• _Task description_: Write out the lines below once more, exactly as they appear. Do not include pictures.

• _Raw data_:
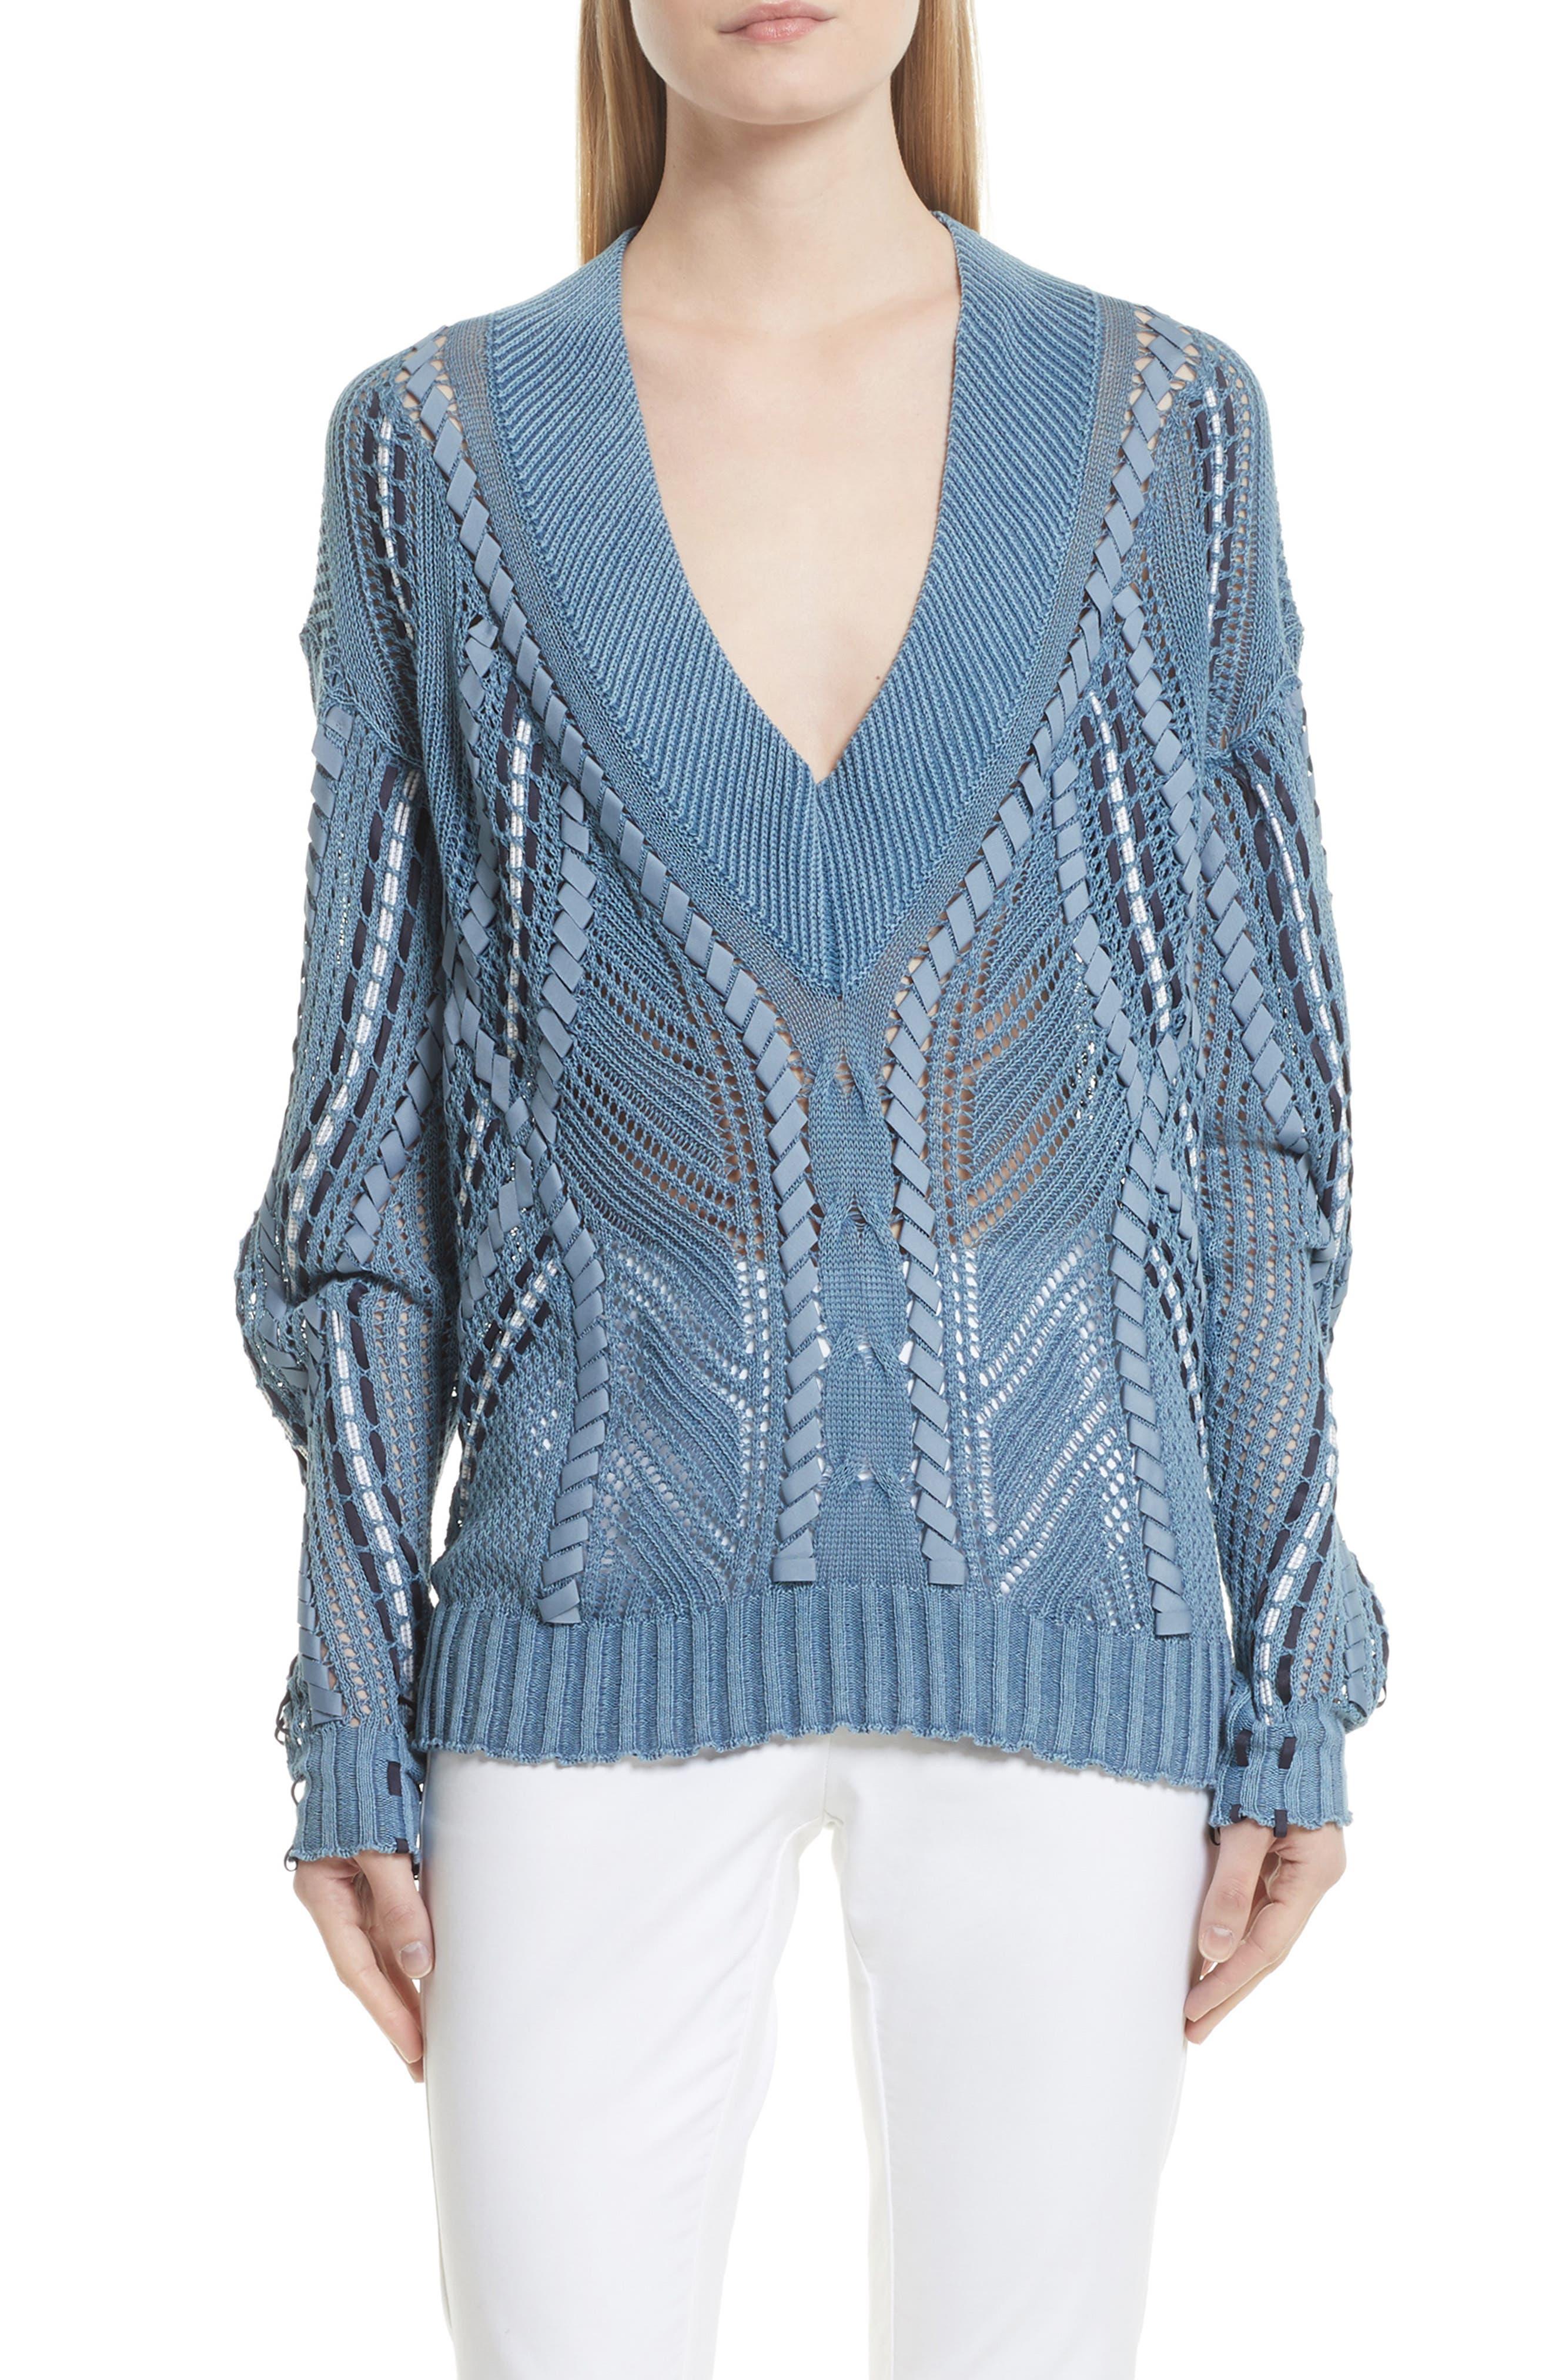 Lucie Pointelle Knit Cotton Blend Sweater,                             Main thumbnail 1, color,                             Indigo
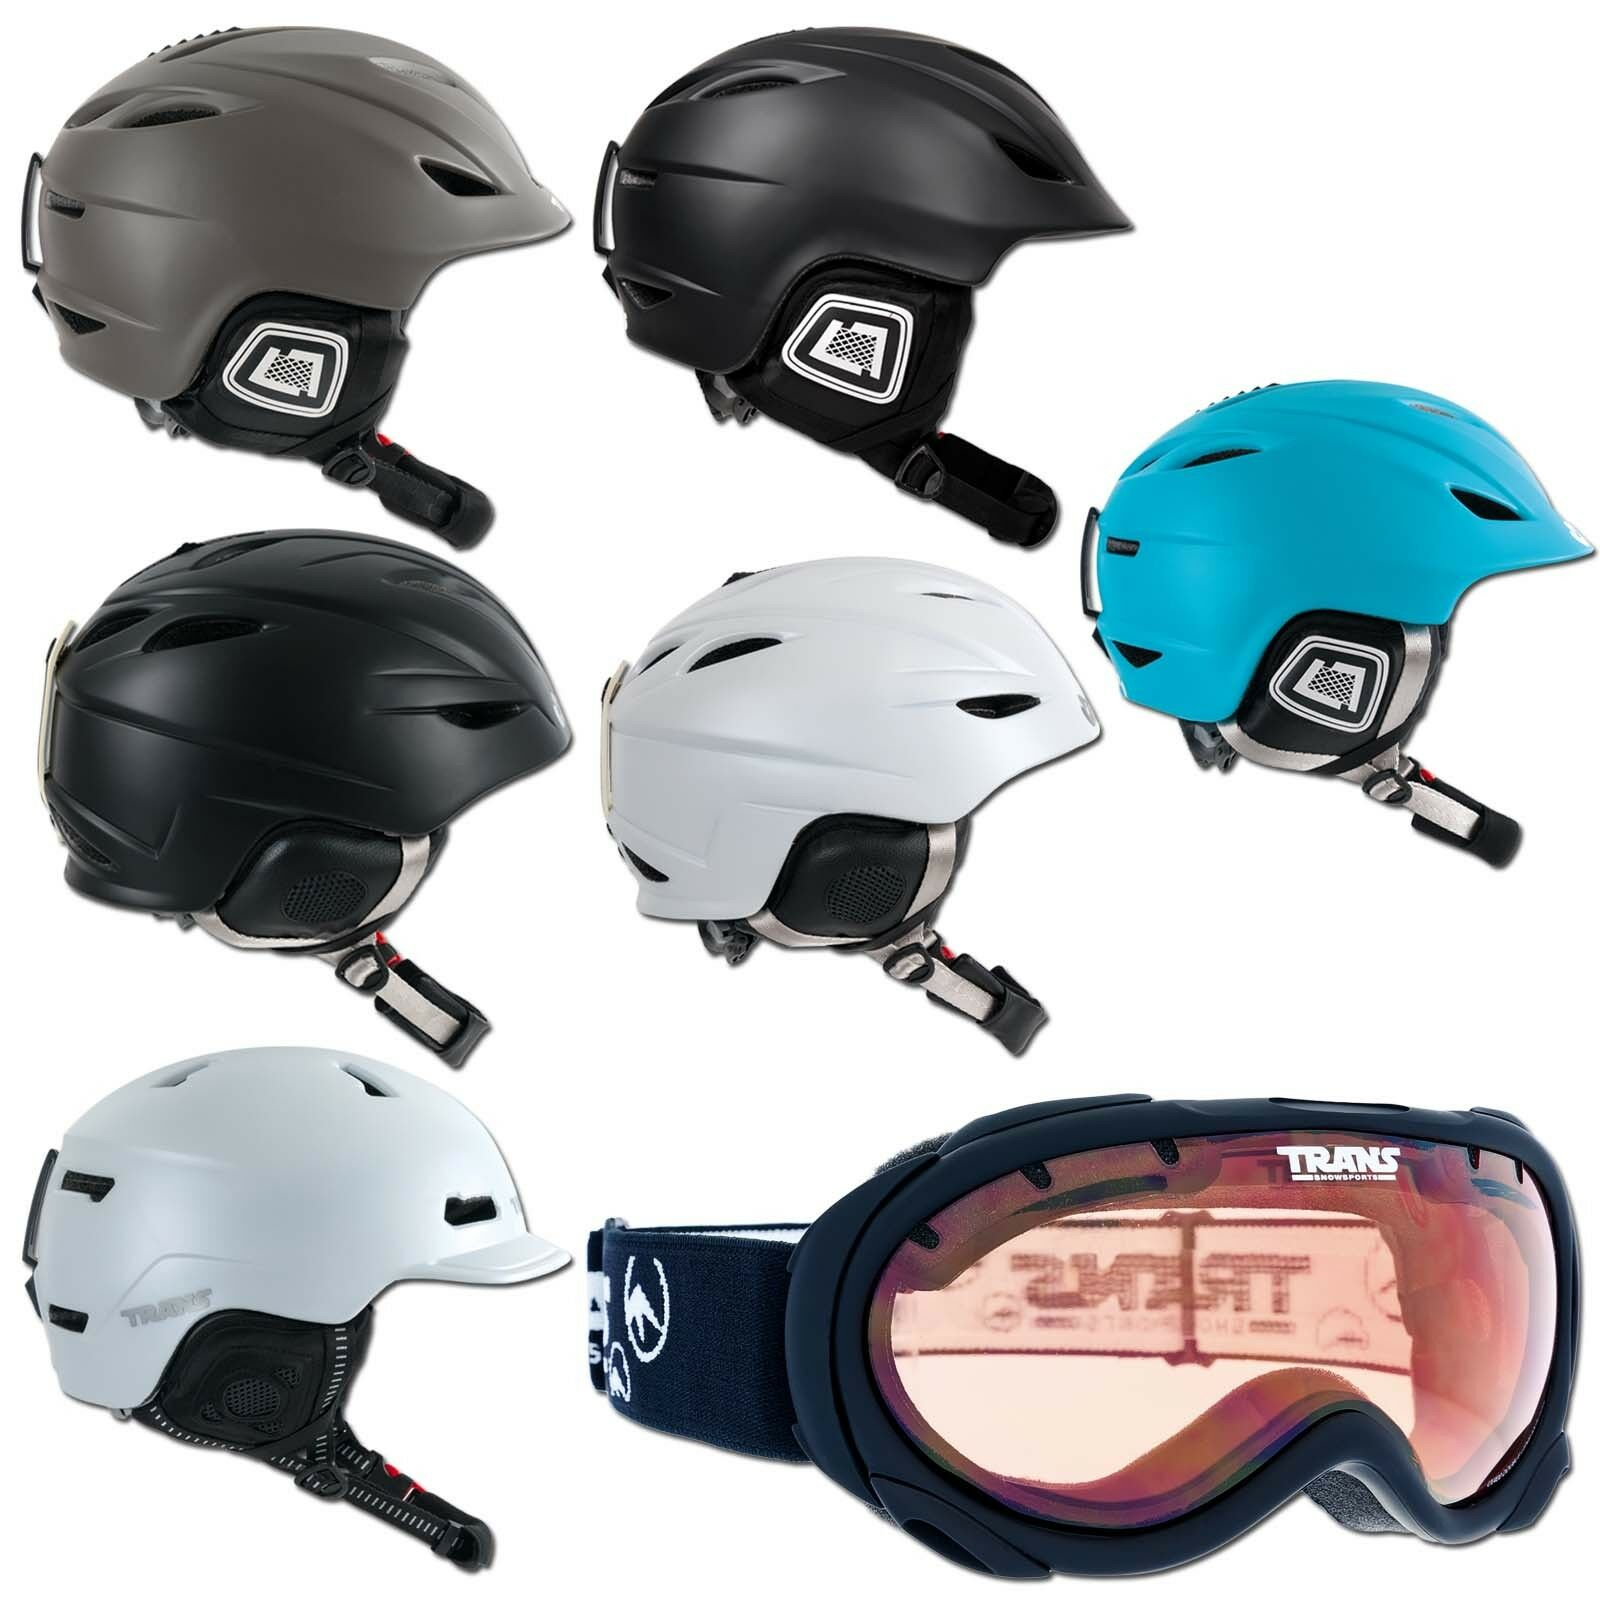 Men's & Women's Ski & Snowboard Helmet Trans 900 1200 1500  S M L XL + Glasses
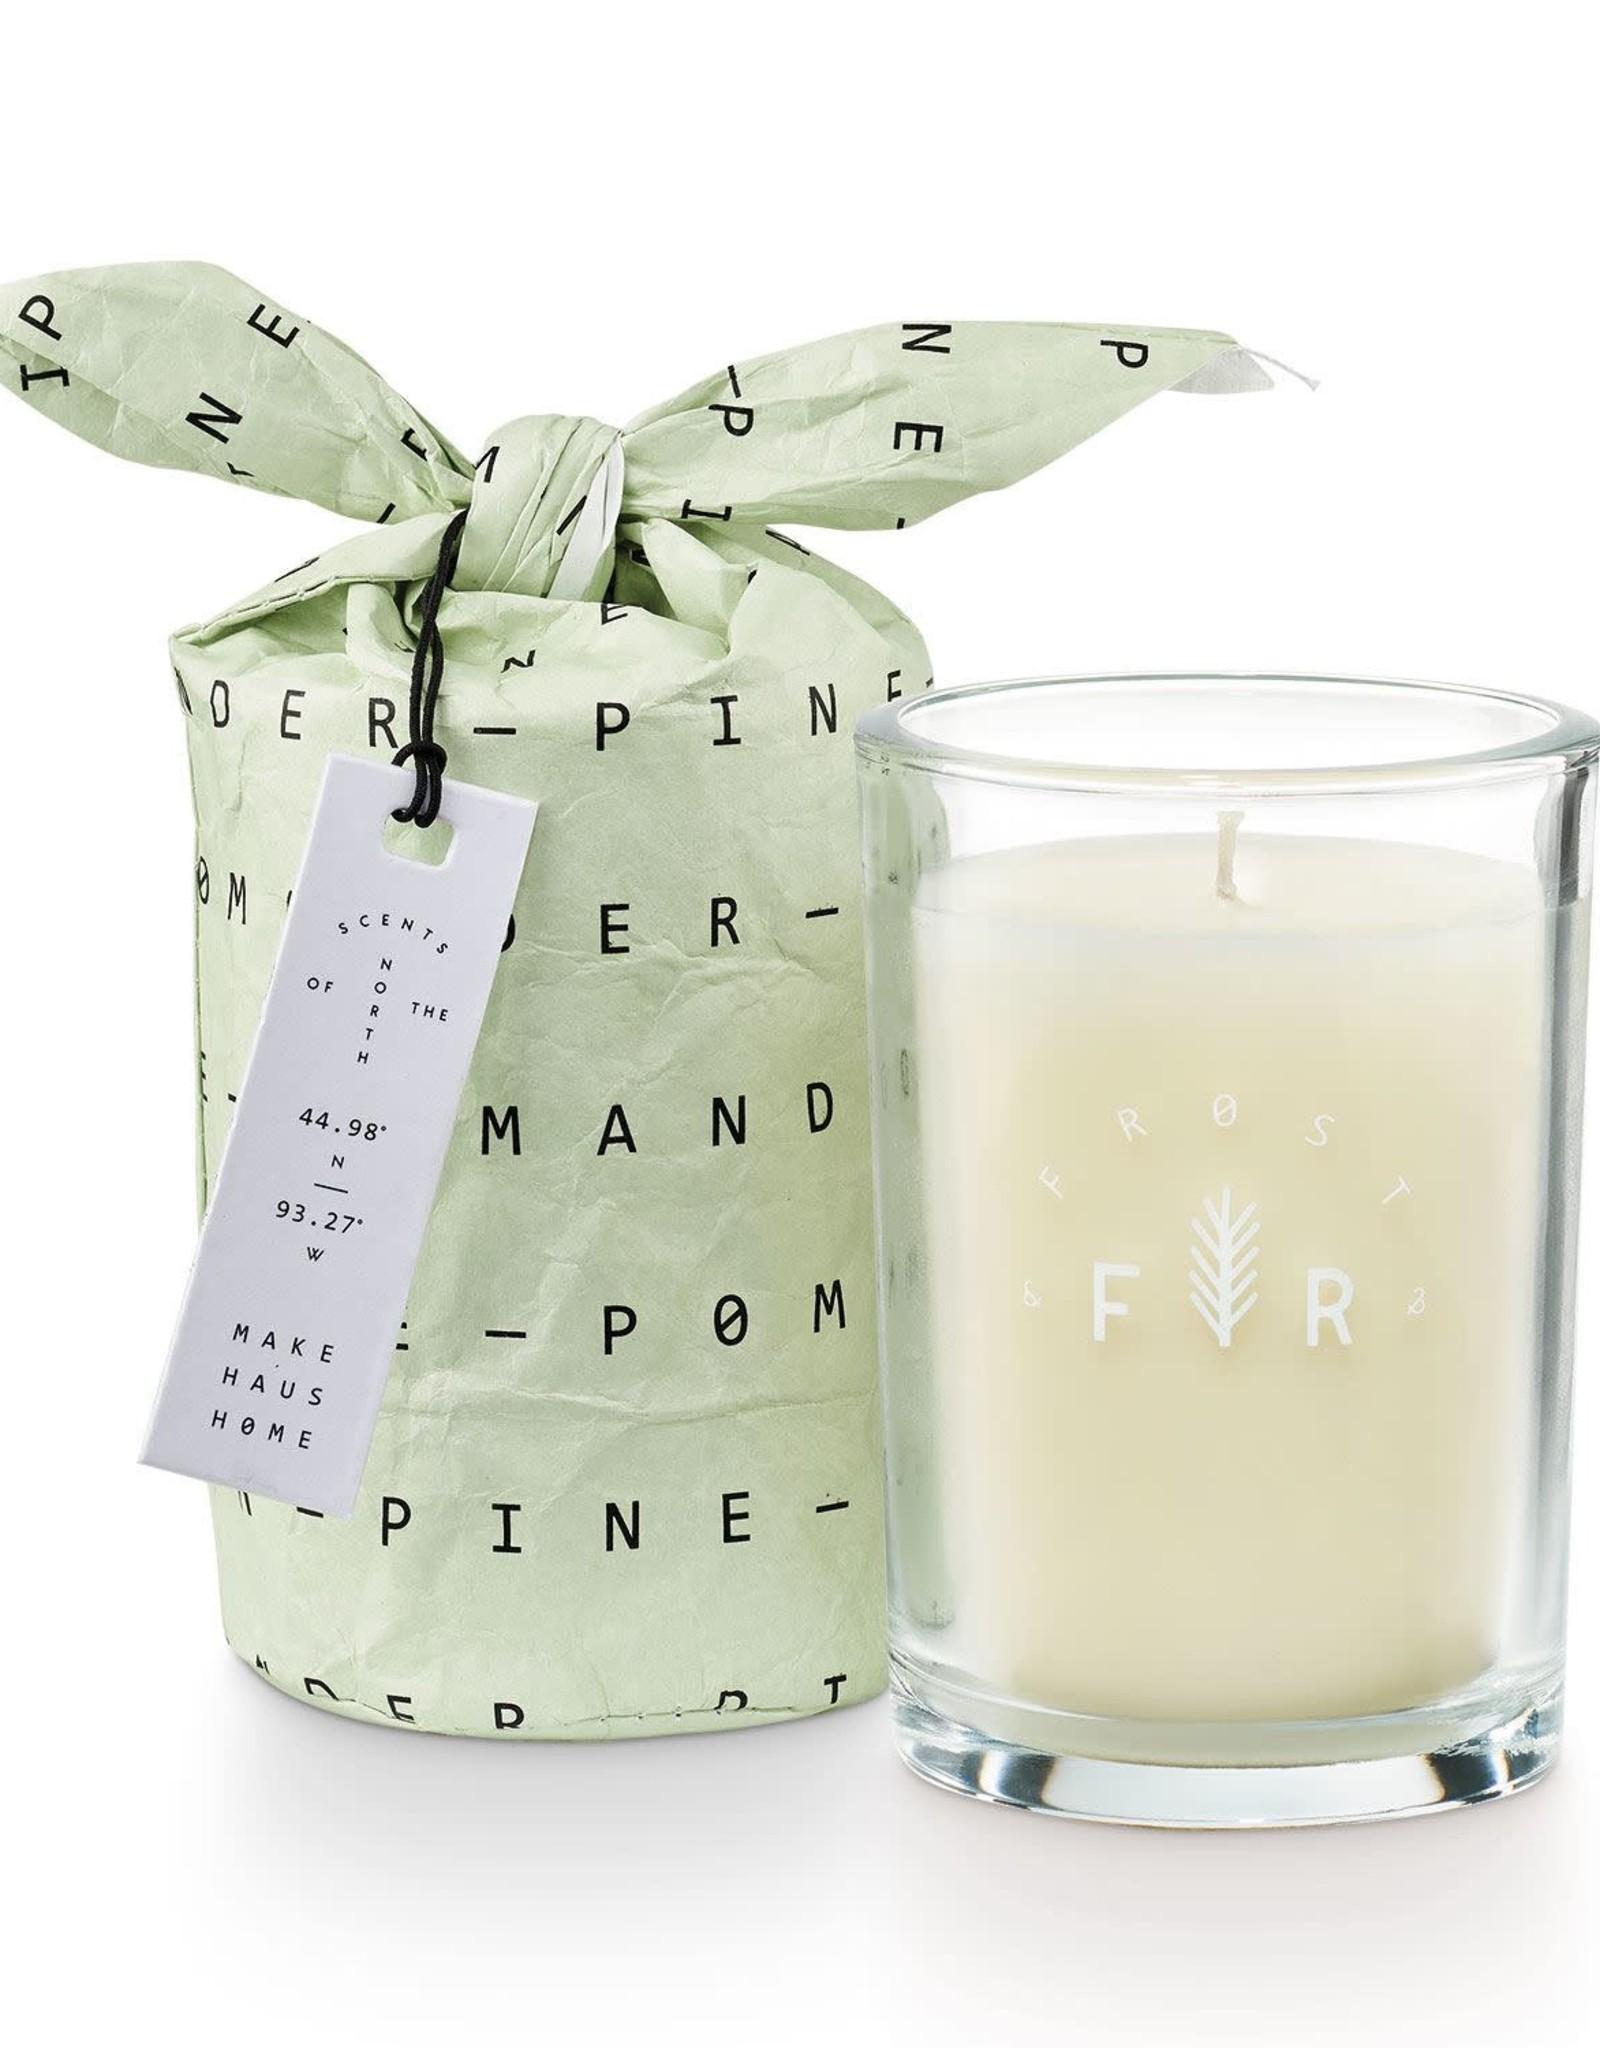 Pomander Pine Bundled Glass Candle

• _Solution to the problem_:
 Lucie Pointelle Knit Cotton Blend Sweater,                             Main thumbnail 1, color,                             Indigo
 Men's & Women's Ski & Snowboard Helmet Trans 900 1200 1500  S M L XL + Glasses
 Pomander Pine Bundled Glass Candle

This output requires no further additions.